7 thoughts on “Family of missing woman want 750k from nursing home

  1. Kat April 11, 2011 / 9:18 pm

    Unfortunately, I don’t think they will get a dime, and even a judgement won’t keep these people from opening up another shithole. And that is what a lot of these places are. The Golden Girls covered this back in the late 80’s (that’s what I’m watching now lol), and zippo has changed. People either can’t afford good care for the elderly, or they don’t care. We (as a people, and not just this country) treat the elderly like crap. Sadly, most of the people that work in these places are not the problem…they are overworked, understaffed, underpaid, and in some cases unqualified. Admin is the issue most of the time. I hope this family gets some closure out of this and good for them to bring this to the attention of us all…..so sad it takes a death (or twelve) to shut these places down.

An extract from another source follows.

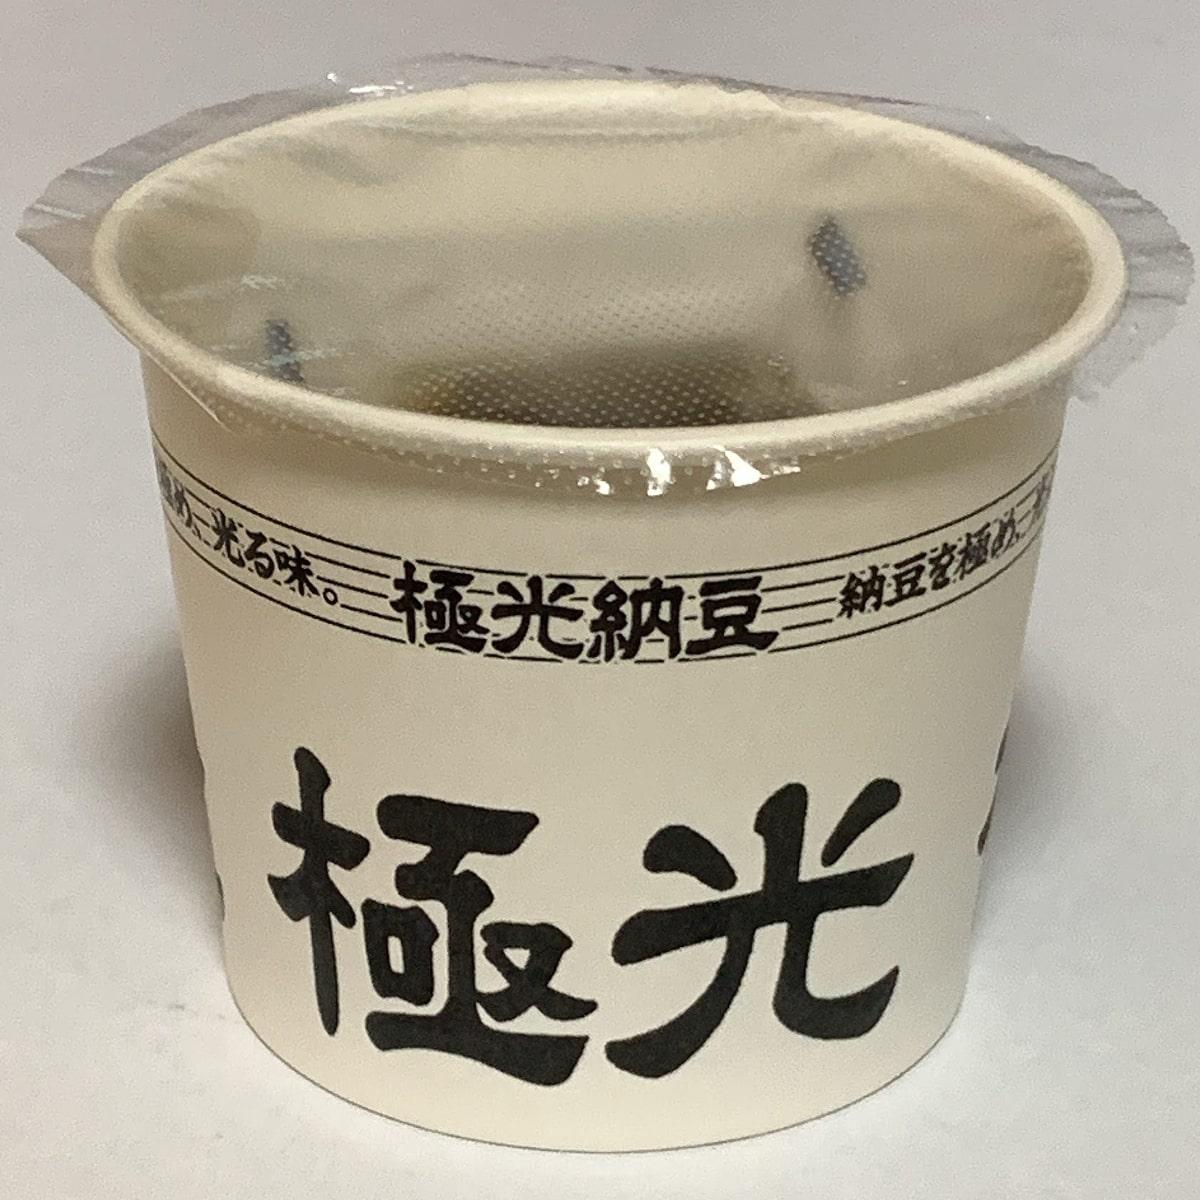 「極光納豆」の1カップの画像
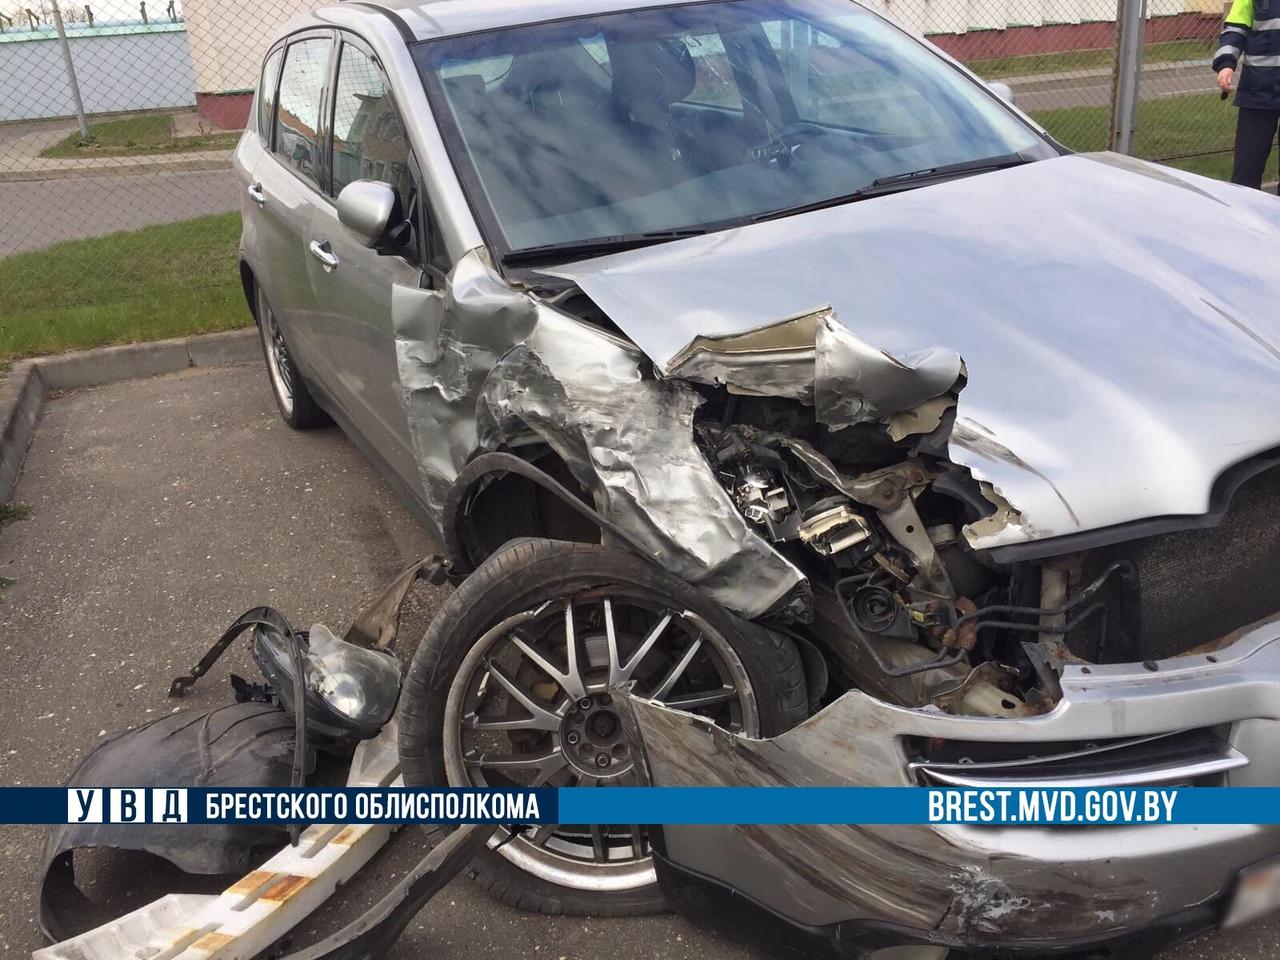 Конкретный замес... В г. Барановичи «курьезное» ДТП, повреждены 7 автомобилей

  2. J.A. Scrambles-Ashmole, Bart. April 11, 2011 / 9:41 pm

    Waaaay back when, when a younger Scrambles was just a tot, I remember a first (and last) visit to a nursing home to see my great-great-aunt Edie – who was tied to the bed. With a rope! In a room with I’d say fifteen other old ladies. No nurses or orderlies in sight; they all looked like slow death. (Google the poet Philip Larkin’s “Heads in the Women’s Ward”. Exactly like that it was.) And this, in the main, was the way it was at most of those places then.

    Yes, it has gotten better. Not across the board better, but standards have risen. There will always be room for improvement, and there will always be those homes which lay waste to state-imposed rules. But progress has been made.

    • Kat April 11, 2011 / 10:13 pm

      Goodness, how old are you? I remember hearing about that from my Grandma, who is in her 90’s, but that was back in the “home country” as she says. I know it happened (and still does) everywhere, but that would not only freak me out, it’d give me nightmares. Poor understanding of mental illness yes, for sure, but just getting old around here seems to be a crime in and of itself.

      • J.A. Scrambles-Ashmole, Bart. April 12, 2011 / 12:49 pm

        Today’s my birthday. I’m much too old. But the Aunt Edie Incident occurred in the early- to mid-’60s. Also, the rope was painted white to give it that certain sanitary, antiseptic feel. Which did not exist, actually, in the rest of the home itself, and it’s hard to disguise rope from the hardware store. Aunt Edie was just old, not mentally off too much, and had a haunted look in her eyes. My dad got with other family members and she was taken out of that hellhole; the story ends happily as she did die at home, in her own bed, unroped.

    • Meaghan April 12, 2011 / 1:06 pm

      How common were nursing homes at that time? Until relatively recently in our nation’s history, most old people were cared for by their adult children at home. (Of course, until relatively recently, there weren’t as many of them. A combination of the baby boom and better healthcare has produced an unprecedented crop of old people.)

      I would have NEVER cared for my grandmother at home. Grandpa’s all right, but Grandma was the most depressing woman I ever met. It was like she had a gray cloud following her everywhere she went.

  3. Jer April 11, 2011 / 9:46 pm

    That’s some pretty Unique Living there. I think all mentally ill people in the world would be better off in a house by themselves rather than uniquely living in that place.

  4. forthelost April 11, 2011 / 10:19 pm

    My grandmother worked at a nursing home until her declining vision forced her to retire (she couldn’t drive to work anymore). She said that even the best nursing homes weren’t that great, and if she declined to the point she needed to be in one, to please kill her.